I documenti dell’amministrazione Clinton confermano le politiche servili e pro-occidentali dell’oligarchia criminale post-sovietica.

Quindici anni dopo che l’allora sconosciuto Vladimir Putin ha assunto la presidenza russa, gli analisti si interrogano ancora su come sia arrivato in questa posizione. Documenti recentemente declassificati dall’amministrazione del presidente Bill Clinton, rilasciati a bne IntelliNews, mostrano come la candidatura di Putin sia stata un compromesso dopo un’accanita battaglia per il potere in Russia tra oligarchi filoamericani e conservatori filoamericani. In gioco non c’era solo il potere in Russia, ma la questione cruciale del rapporto della Russia con l’Occidente.

L'”oligarchia” russa ha preso il potere durante la rielezione di Eltsin nel 1996, quando ha usato la sua fiducia nei finanziamenti dei sette principali banchieri russi per acquisire il meglio delle risorse del paese.

Secondo i documenti dell’amministrazione Clinton, che sono stati rilasciati sotto una revisione di declassificazione obbligatoria, uno dei principali ideologi del sistema oligarchico russo appena coniato era il banchiere russo-israeliano e magnate dei media, Vladimir Gusinsky, proprietario di Most Bank e del canale televisivo NTV.

Gusinsky si presentò ad un pranzo del novembre 1996 con i funzionari dell’ambasciata americana con un messaggio importante: gli oligarchi erano qui per restare – ma non dovevano essere temuti dagli Stati Uniti. L’oligarchia era un sistema di governo adeguato per la Russia, e avrebbe messo il paese su una rotta a favore degli Stati Uniti.

“La Russia, ha spiegato Gusinsky, non era un paese democratico o europeo; è un paese asiatico”, ha detto, secondo i registri dell’ambasciata, con il nome di Gusinsky cancellato ma implicito. “Il Paese era governato da un’oligarchia, di cui gli uomini d’affari come lui erano parte integrante, e lo sarebbero stati per un certo tempo”, ha detto Gusinsky ai diplomatici statunitensi.

“I nostri amici in Occidente” hanno fatto bene a criticare gli oligarchi in passato, ha detto, ma ora si sono assunti la “responsabilità per gli interessi nazionali della Russia”.

Gusinsky “non ha negato che molti uomini d’affari russi, incluso se stesso, si erano impegnati in attività dubbie, soprattutto perché stavano avviando le loro operazioni e accumulando capitali”, ha detto ai diplomatici. “Ciononostante, erano ormai emersi alcuni grandi uomini d’affari – per esempio, i sette banchieri di Berezovsky [Boris Berezovsky stesso, Vladimir Gusinsky, Mikhail Fridman, Vladimir Vinogradov, Aleksandr Smolensky, Mikhail Khodorkovsky, Vladimir Potanin] – che erano così grandi e influenti che non dovevano più impegnarsi in tali attività e non lo facevano più”, si legge nel documento. Gusinsky sosteneva che le accuse di legami degli oligarchi con il crimine organizzato erano state diffuse dai servizi di sicurezza russi, con l’obiettivo di arginare la fuga di capitali.

La regola dei sette banchieri

Di tutti gli oligarchi degli anni Novanta, nessuno era più potente di Berezovsky, che ha coniato la frase “la regola dei sette banchieri”. Berezovsky raggiunse un’alta carica politica, che gli permise di plasmare direttamente la politica di sicurezza interna ed estera russa – e allo stesso tempo di essere cittadino di Israele.

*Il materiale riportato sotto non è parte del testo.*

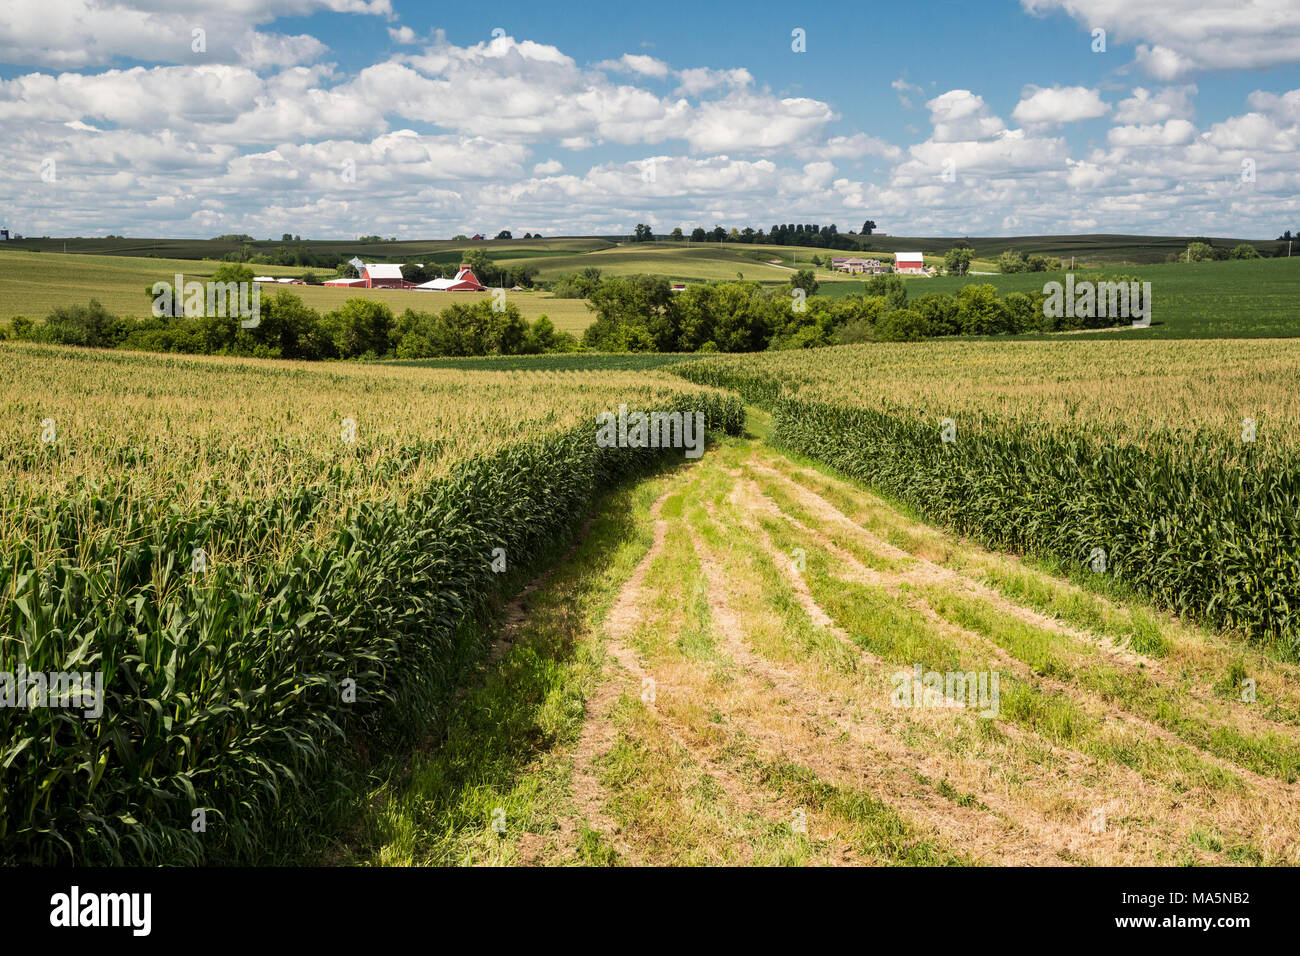 Les fermes de l'Iowa, près de Worthington, Iowa. Un champ à l'avant. Banque D'Images

Berezovsky ha riconosciuto che il suo potere si basava sul controllo del suo canale televisivo ORT. “Il 90% di tutta l’influenza televisiva è concentrata nei tre canali principali: ORT, RTR e NTV”, ha detto Berezovsky ai diplomatici americani nel 2000, secondo i documenti declassificati. Di questi, il suo ORT era di gran lunga il più potente, ha detto.

Con ORT come base di potere, Berezovsky si distingueva da tutti gli altri oligarchi per le sue ambizioni politiche. Ha cercato e ottenuto influenza non solo su questioni politiche interne fondamentali, compresa l’integrità territoriale del Paese, ma anche direttamente sulla politica estera della Russia.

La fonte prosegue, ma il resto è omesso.